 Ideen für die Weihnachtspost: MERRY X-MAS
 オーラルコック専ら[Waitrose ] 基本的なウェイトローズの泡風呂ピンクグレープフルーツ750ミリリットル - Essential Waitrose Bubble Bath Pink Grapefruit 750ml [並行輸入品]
==
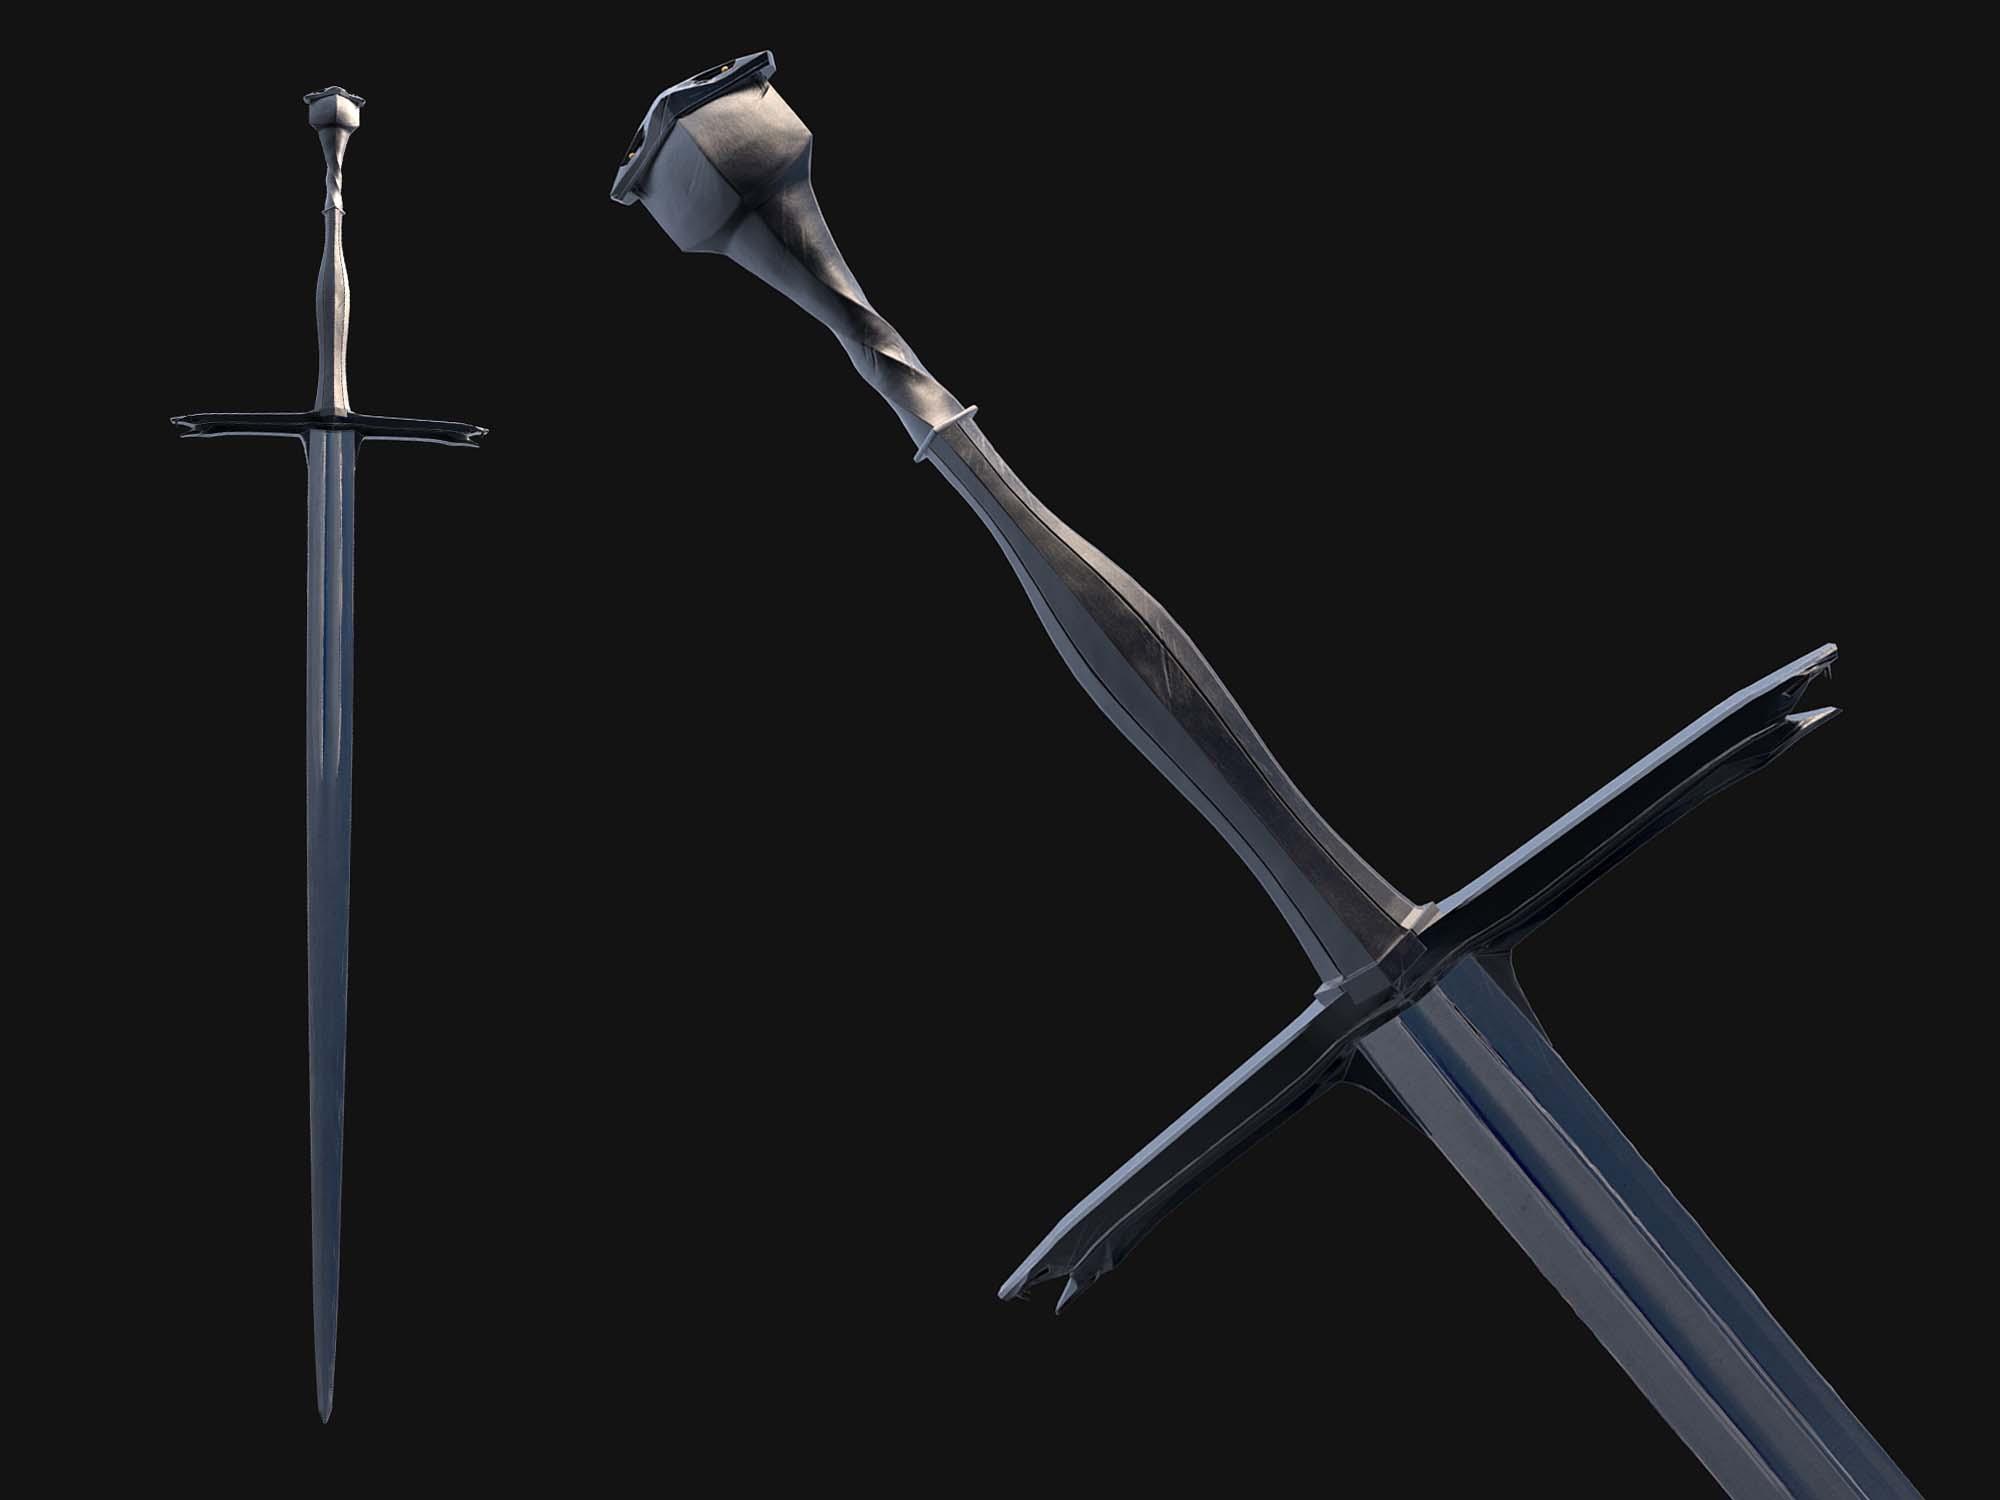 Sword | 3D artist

__The task__
Please reproduce, exactly as they appear above, the lines from the line containing "Ideen für die Weihnachtspost: MERRY X-MAS" up to and including the line containing "オーラルコック専ら[Waitrose ] 基本的なウェイトローズの泡風呂ピンクグレープフルーツ750ミリリットル".

__Written solution__
 Ideen für die Weihnachtspost: MERRY X-MAS
 オーラルコック専ら[Waitrose ] 基本的なウェイトローズの泡風呂ピンクグレープフルーツ750ミリリットル - Essential Waitrose Bubble Bath Pink Grapefruit 750ml [並行輸入品]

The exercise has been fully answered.